TASK: Retype the lines of the listing below exactly, but only those from the one containing "餐厅客厅的墙面都是橙色的 ，电视墙的墙纸配什么颜色搭配合适 ？" through the last line; pictures stay out.

DATA EXCERPT:
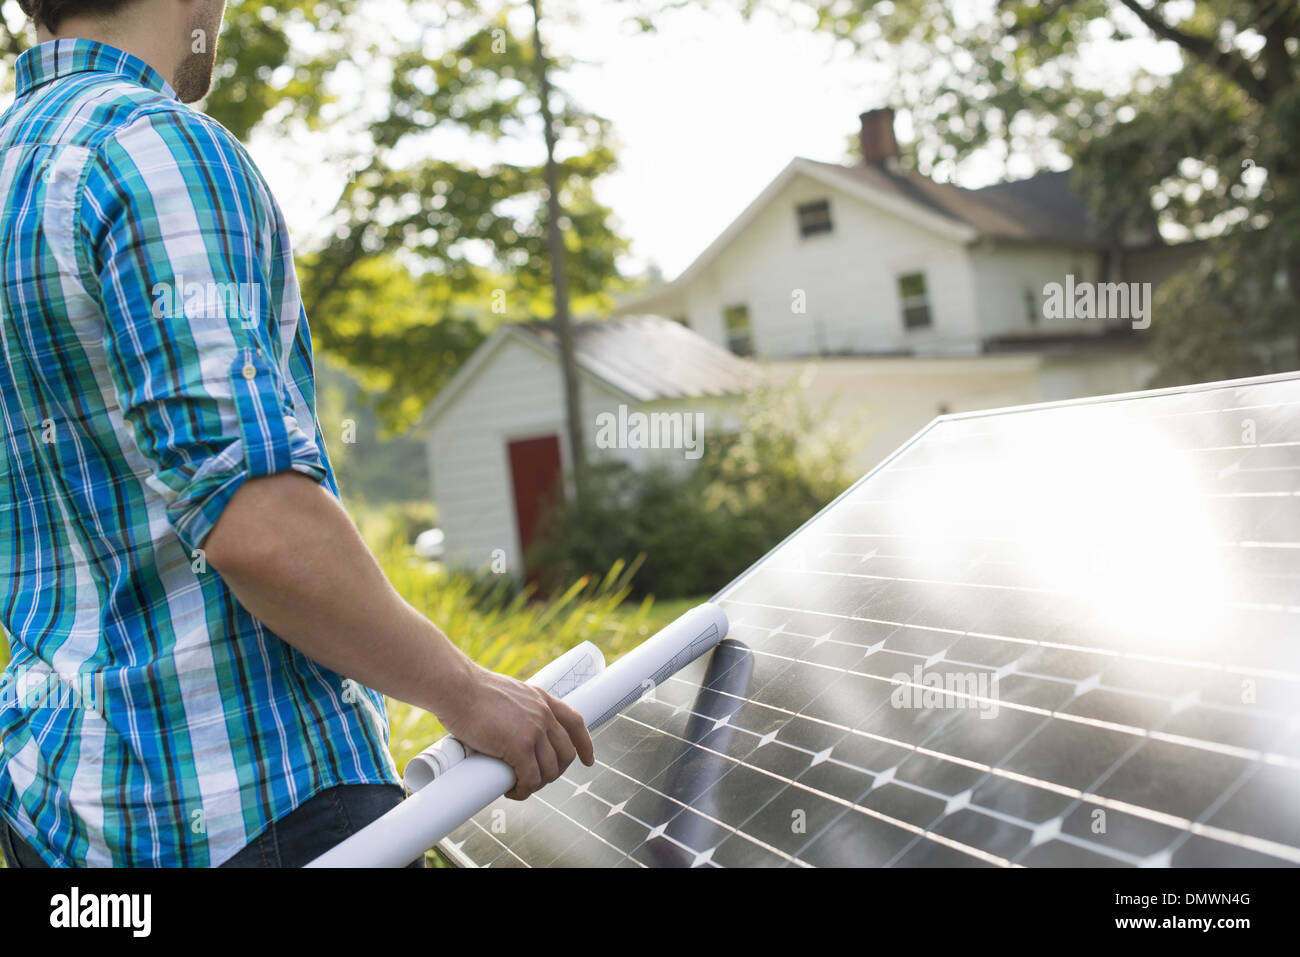 A man using a plan to place a solar panel in a farmhouse garden. Stock Photo
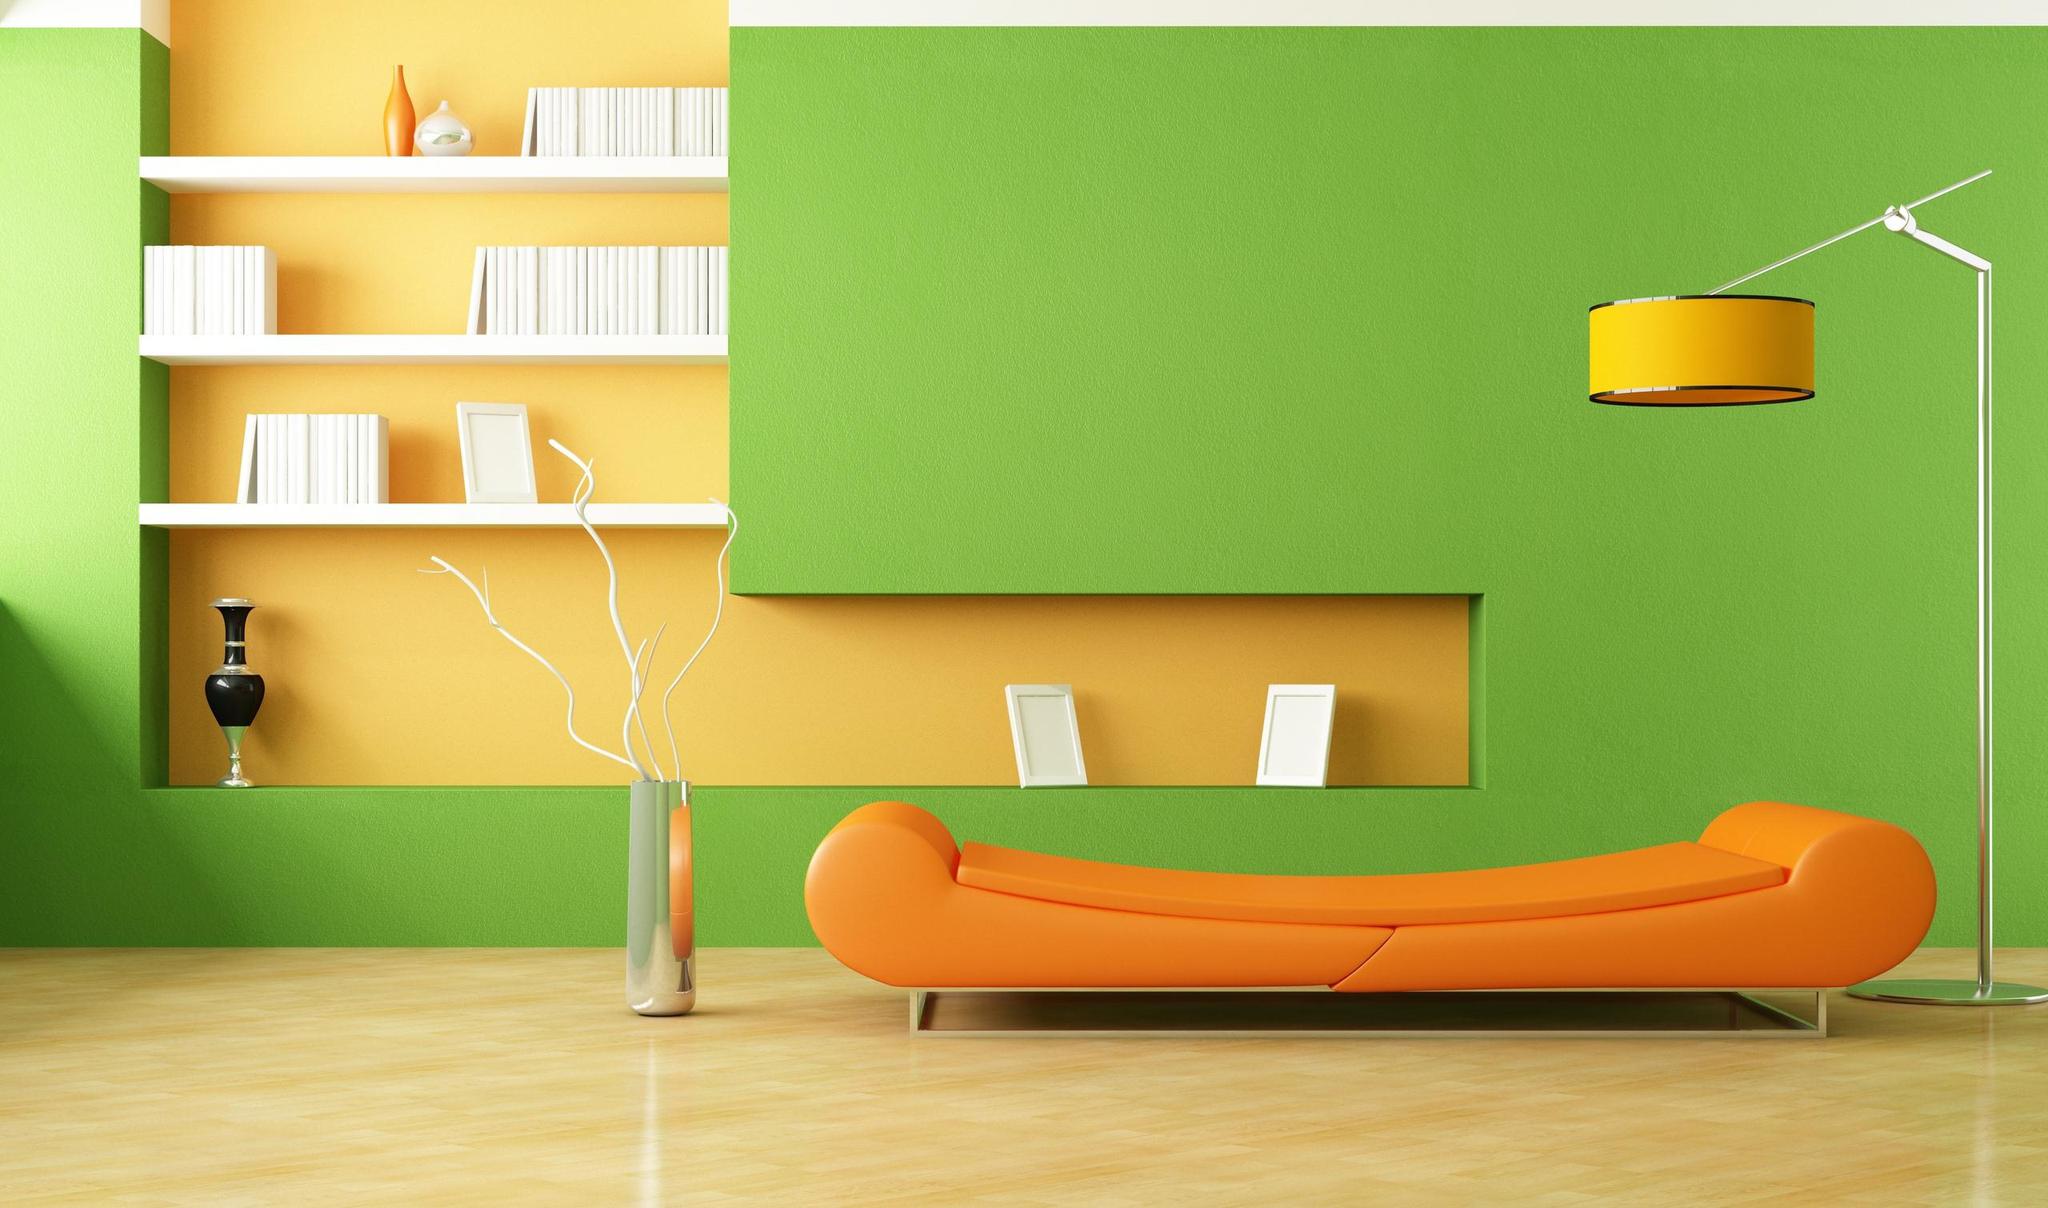 餐厅客厅的墙面都是橙色的 ，电视墙的墙纸配什么颜色搭配合适 ？ 绿色部分配什么颜色墙纸比较搭配 ？_百度知道
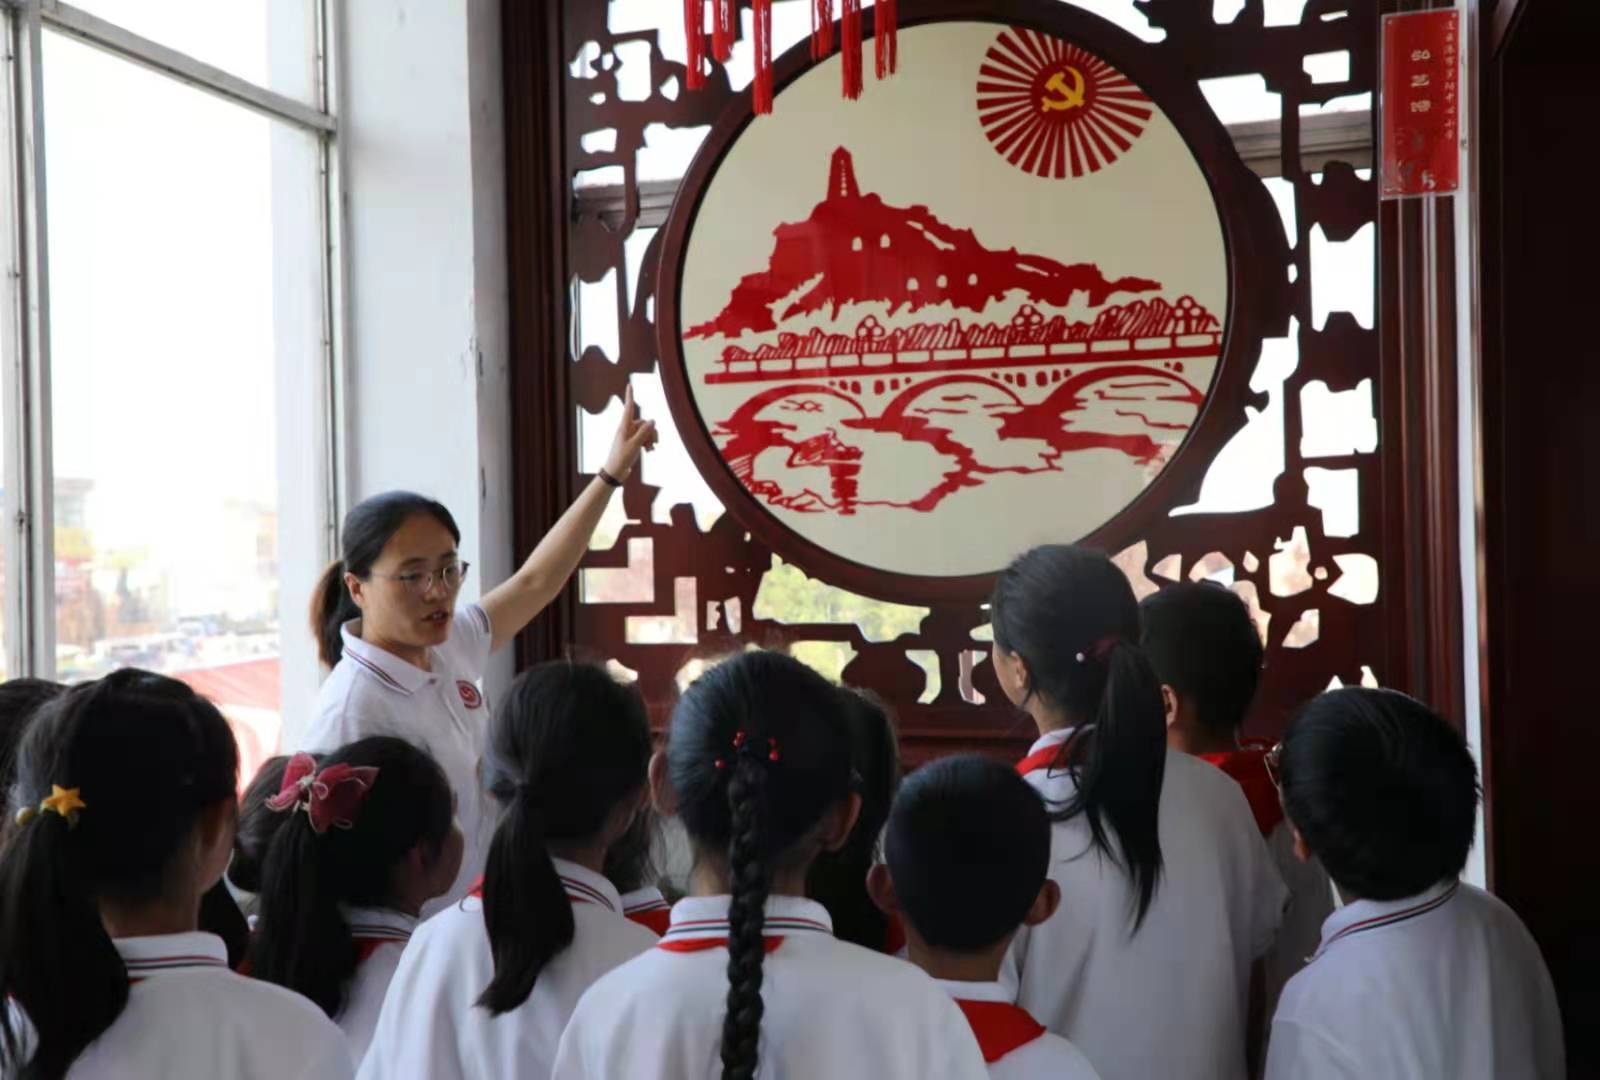 罗阳小学举行“创建文明城市 争做文明学生”演讲比赛 - 赣榆教育在线

RESULT:
 餐厅客厅的墙面都是橙色的 ，电视墙的墙纸配什么颜色搭配合适 ？ 绿色部分配什么颜色墙纸比较搭配 ？_百度知道
 罗阳小学举行“创建文明城市 争做文明学生”演讲比赛 - 赣榆教育在线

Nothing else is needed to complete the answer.